Como muchas futuras novias, yo perdí un poco la cabeza. Nunca he estado tan preocupada por los distintos tonos de blanco – o las cualidades fotográficas del satén. Mi preparación fue como una operación militar que implicaba tratamientos faciales, manicuras, pruebas de maquillaje, pesas e incluso, ocasionalmente, rayos uva. (Como ya dije, una cosa de locos).

Como un dictador benévolo, impliqué a toda mi familia en los preparativos. “Esto nos concierne a todos”, insistía mientras hacía muecas en el espejo más cercano preguntándome si debería blanquearme los dientes.

Sin embargo, aunque era evidente que no estaba siendo del todo racional, lo que yo quería decir era que deseaba que fuera un día en familia. Y obviamente eso significaba que Papá tendría un papel protagonista en todo esto.

Hasta ese momento aun no había sido diagnosticado de nada, sin embargo los preparativos de la boda coincidieron con nuestras primeras sospechas sobre su salud. El día concreto sería en septiembre de 2009, y durante las semanas precedentes cada vez se iba haciendo más evidente que algo marchaba mal.

Esto quedó patente cuando sus olvidos y desórdenes pasaron, de ser una peculiaridad de su personalidad, a convertirse el algo más serio.

En vista de aquello tuve que replantearme rápidamente mi idea sobre el padre de la novia. Papá no podría hacer un emotivo pero a la vez gracioso discurso sobre mis mejores cualidades. O pronunciar el brindis. Ni tan siquiera podría hacer un bailecito de los suyos con el que la gente seguro se partiría de risa.

Para ser justos, siempre fue tan tímido que este tipo de cosas habrían sido un mal trago para él de todos modos. Sin embargo ahora, lo que estaba claro era que si se las arregla para llevarme hasta el altar sin incidentes, ya sería  un logro en sí mismo.

Así que nos centramos en eso. Durante el ensayo mantuvo el tipo, recordando a la perfección dónde sentarse y el momento en el que tenía que levantarse. Yo cruzaba los dedos cruzados, esperando que la familiaridad del lugar – la iglesia del barrio donde crecí – ayudara al desarrollo de los acontecimientos.

El día de la boda Papá llegó temprano a casa de mamá, elegantemente vestido con su chaqué y el pelo perfectamente peinado, aunque con un aire desenfadado. Se sentó a la mesa de la cocina y se puso a zampar unos bagels acompañados de un coctel mimosa, mientras que el resto de nosotros corría enloquecido dando vueltas a su alrededor. Estaba disfrutando de verse atrapado en medio de tanta excitación, pero ya entonces era un poco como si sus reacciones estuvieran teniendo lugar detrás de un cristal.

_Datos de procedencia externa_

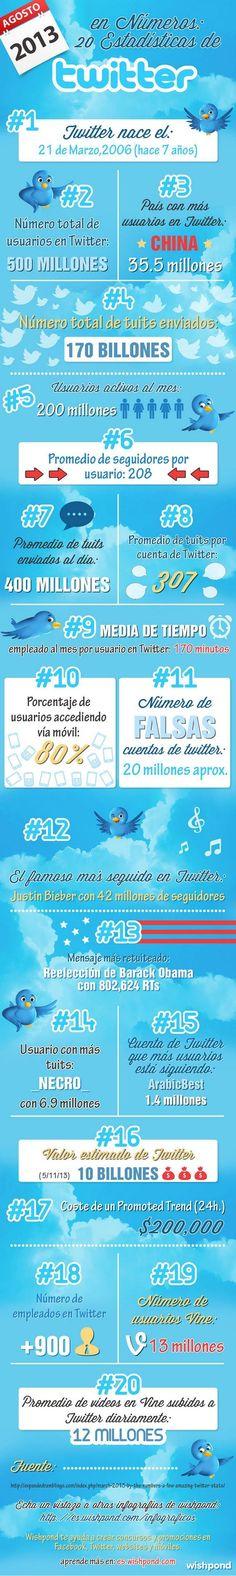 Cifras actualizadas de Twitter 2013

En el coche, de camino a la iglesia, fue igual. Íbamos solo mi hermana Ellie, el conductor, Papá y yo. Las angostas carreteras de Cornualles, el mar brillando al fondo, era un momento hermoso, pero Papá estaba ajeno a todo ello. Se mostraba tan pasivo como un niño. Ni una sola vez me miro a los ojos, o apretó mi mano para tranquilizarme.

No quiero sonar autocompasiva. Teniendo en cuenta lo rápido que ha sido su deterioro desde entonces, sé lo afortunada que fui al haberlo podido tener allí desempeñando, al fin y al cabo, un papel. Pero ahora, mirando a atrás, se echaron en falta algunos pequeños detalles fundamentales, aunque el resto del mundo no pudiera verlo aún.

Fuera de la iglesia tuvimos unos instantes para estar a solas. Tengo una foto de ese preciso momento – salgo yo mirando seriamente a Papá y él, volviéndose, me mira a mí. Todo el mundo ve en ella la tierna complicidad padre-hija que yo habría querido. Pero lo que no pueden ver es lo lejos que estaban sus ojos. No obstante, su comportamiento en la ceremonia fue impecable. Me llevó con calma hacia el altar y tomó asiento. En la recepción, se sentó a mi lado custodiando una copa de champagne mientras que mi madre daba un discurso en su lugar y a él se le llenaban los ojos de lágrimas en los momentos precisos.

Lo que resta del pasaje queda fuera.